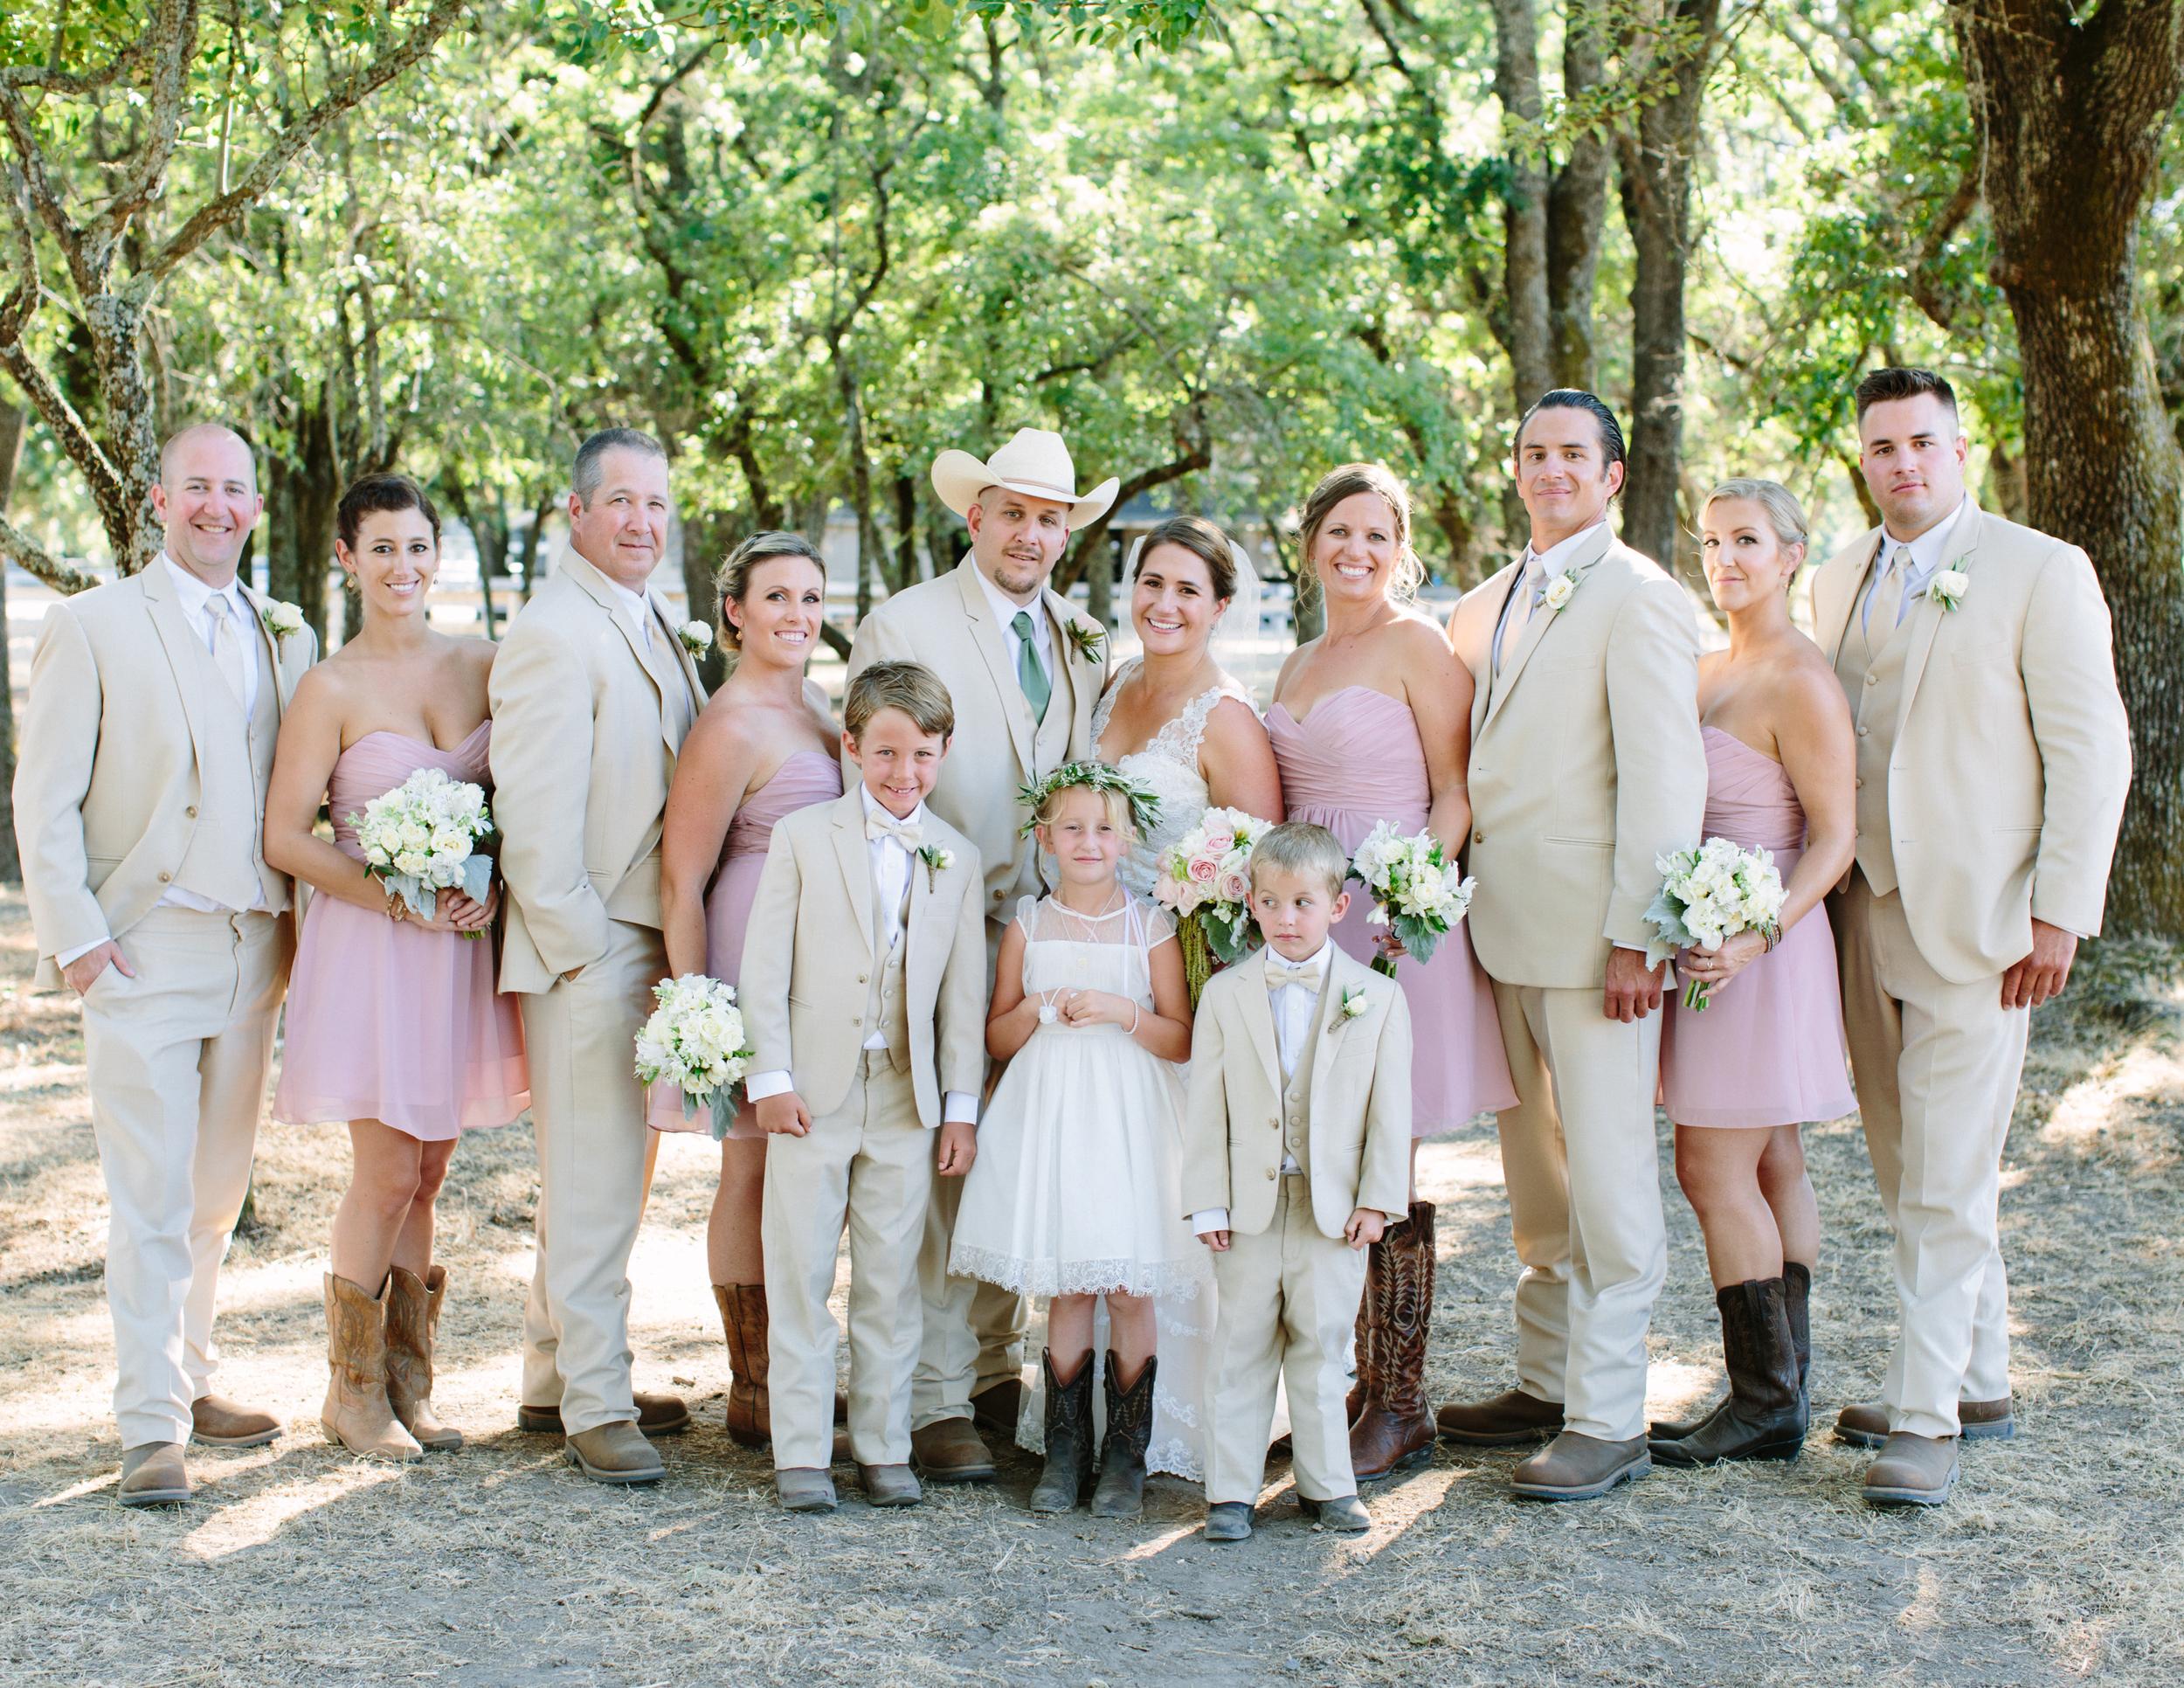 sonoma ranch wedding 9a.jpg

* * *

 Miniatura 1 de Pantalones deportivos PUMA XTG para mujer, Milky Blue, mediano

...

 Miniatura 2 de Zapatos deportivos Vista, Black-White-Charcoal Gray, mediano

• [What to do]:
Across the data above, how many lines contain "Miniatura"? Reply with a bare number.

• [Your response]:
2